第48話 雅楽先輩と話そう!

 心配だったコミュ英Ⅰのテストをどうにか潜り抜けた私は、次が比較的自信のある世界史Bだったのをいいことに、雅楽先輩のいる二-Bに突撃をかけることにした。私がテストということは先輩だってテストの真っ最中だったが、一言くらい話せたらいいなという淡い期待をもって二-Bの前まで向かう。

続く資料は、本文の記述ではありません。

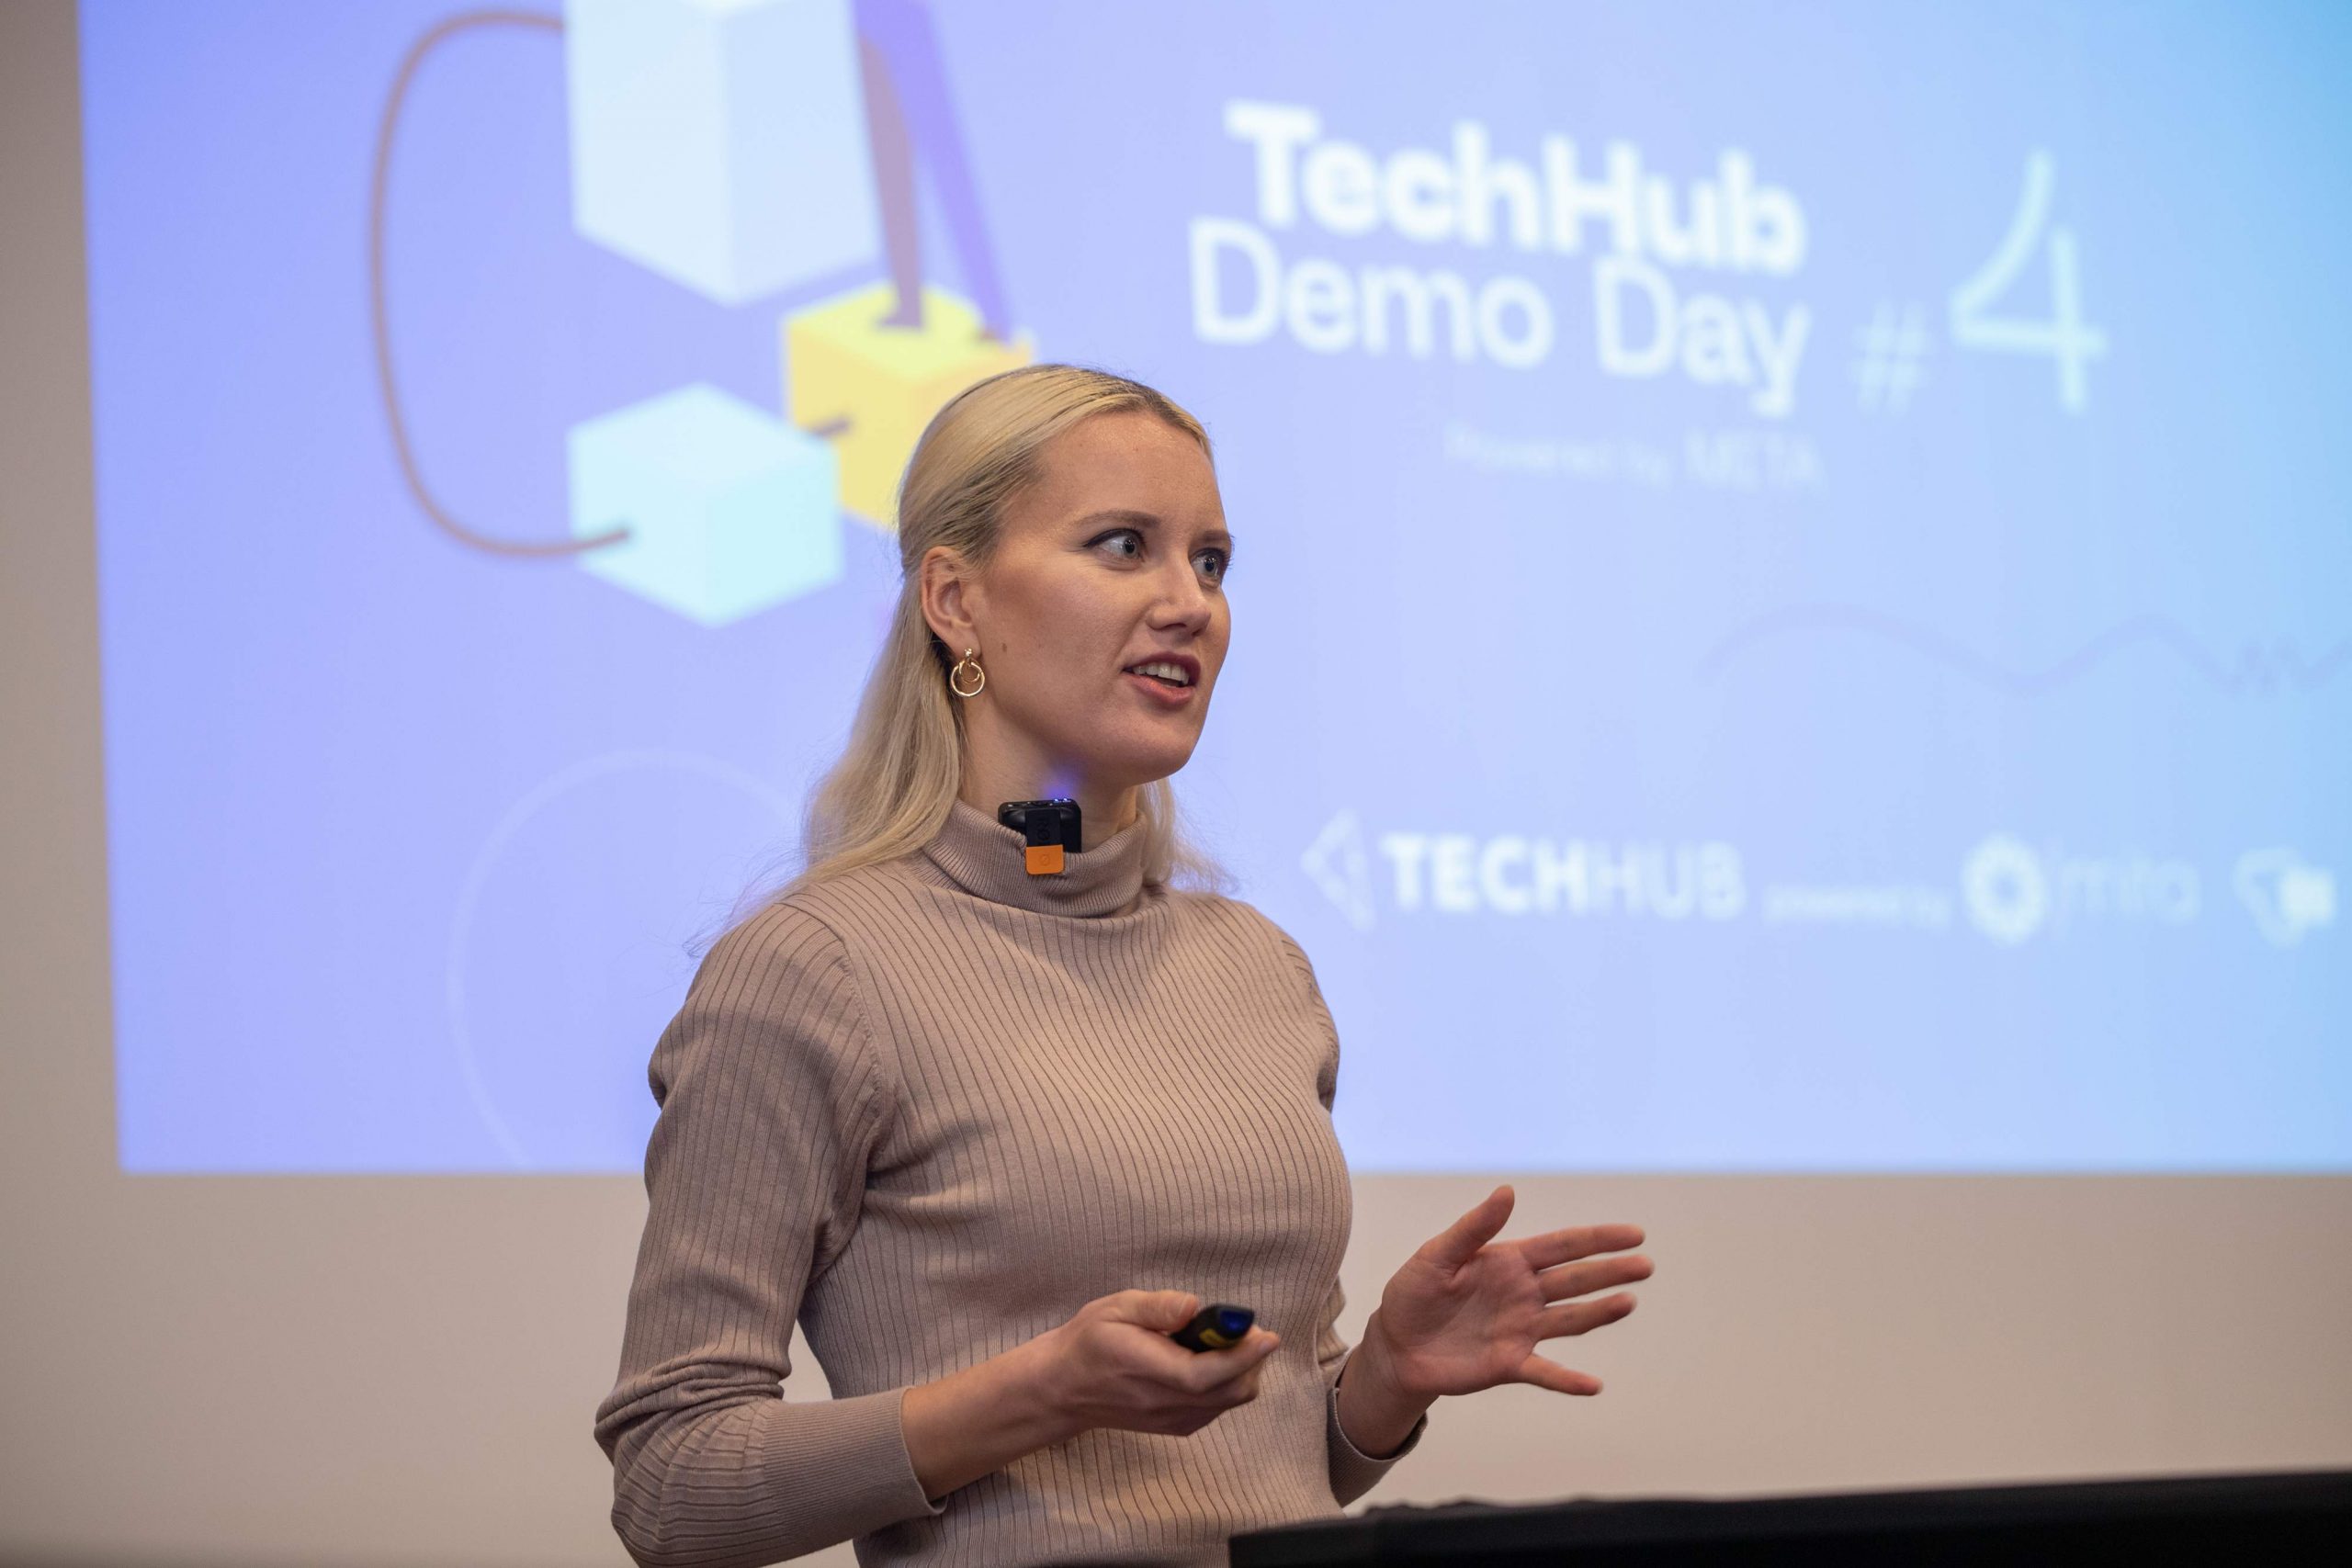 MITA Invites Startups to Apply to the 6th Cohort of the “TechHub” Pre-accelerator

 だがしかし、上級生のクラスというのは思ったよりも──いや、正直とてつもなくアウェイだった。しかも今はテストの真っ最中。廊下にいる人はほとんどいなかったものの、それでも「なんだこの一年は」という視線が私に突き刺さる。特に特進の生徒は「テスト期間中に余裕ぶっこいてんな」という冷たい視線がプラスされている気がする。


(やっぱり帰ろう。そうしよう)


 早々に心が折られた私は退散しようと回れ右をした。すると、ぽすんと人に激突する。ベタだ、ベタ過ぎる!


「すみません!」

「……あ」


 ぶつかった相手は男子生徒だった。ひょろりと背の高いその先輩は、私の顔を見てひどく驚いた顔をする。テスト期間中に一年がこんなところにいるとか、びっくりだよね。わかります。


「君、クロのお姫様だよね」

「黒のお姫様?」


 謝罪して戻ろうとした私だったが、思いもよらないことを言われて首を傾げる。黒の姫……すごくファンタジックな響きだが、私にその単語に思い当るところはない。


「あ、もしかしてクロに会いに来た?」


 のっぽなその先輩はパッと顔を輝かすが、私は黒に心当たりがない……ん? なくは……ない?


「もしかして、うーたん……雅楽先輩のことですか?」


 黒と言えば雅楽先輩の苗字である黒巣しか思い浮かばない。そしてそれは正しかったようで、のっぽ先輩(仮)は頷いた。


「そう。呼ぶ?」

「あ……」


 逡巡してるうちにのっぽ先輩(仮)は雅楽先輩を呼びに二-Bの扉をガラリと開けてしまった。


「クロー、お姫様来たぞー」


 ざっと視線が集中したのにいたたまれず、私は一瞬逃げようとした。が、のっぽ先輩(仮)が頭に手を置いているので逃げられない。ゲームで“にげる”のコマンドを選んだものの失敗した気分だ。のどかはにげられない! みたいな。


「えっと、あの」

「あ、ぼく? 祝原いわいはらって言います。クロの友達」


 のっぽ先輩(仮)改め祝原先輩は、どう呼び掛けていいのか戸惑っていた私に自己紹介を始めた。


「キリ、なに……って、のほほん?」


 祝原先輩に呼ばれて出てきた雅楽先輩は、祝原先輩の陰に隠れていた私を見て驚いた顔をした。


「テスト中に失礼します」

「余裕だな」

「余裕ないですよ、わかるでしょう? それより先輩、ちょっと話したいことがあるんですが……」

「なに? 告白?」


 声を潜めた私の隣で、祝原先輩がのんびりとした口調で茶々を入れる。告白なわけがないだろうと眉を顰める私に、祝原先輩は楽しそうに笑った。


「なんでそうなるんですか」

「願望……かなぁ。それのが楽しいかな、と」

「誰がですか」

「ぼくとクロが」

「キリ、ちょっと口を挟むのは待ってくれ。のほほん、話したいのはやまやまだが、そろそろテストが始まるから、終わった後ではダメか?」

「あ……その、放課後は兄が迎えに来るので、ちょっと時間が取れないというか。先輩、携帯今ないでしょう? どうしましょう」


 コンタクト方法について尋ねると、先輩は普通に携帯へ連絡してくるようにと言ってきた。紛失したということで、買い替えたらしい。なんと剛毅な……と感心していると、次に荷物を手にできるのが一年後だから買い替えるしかなかったのだという。さもありなん。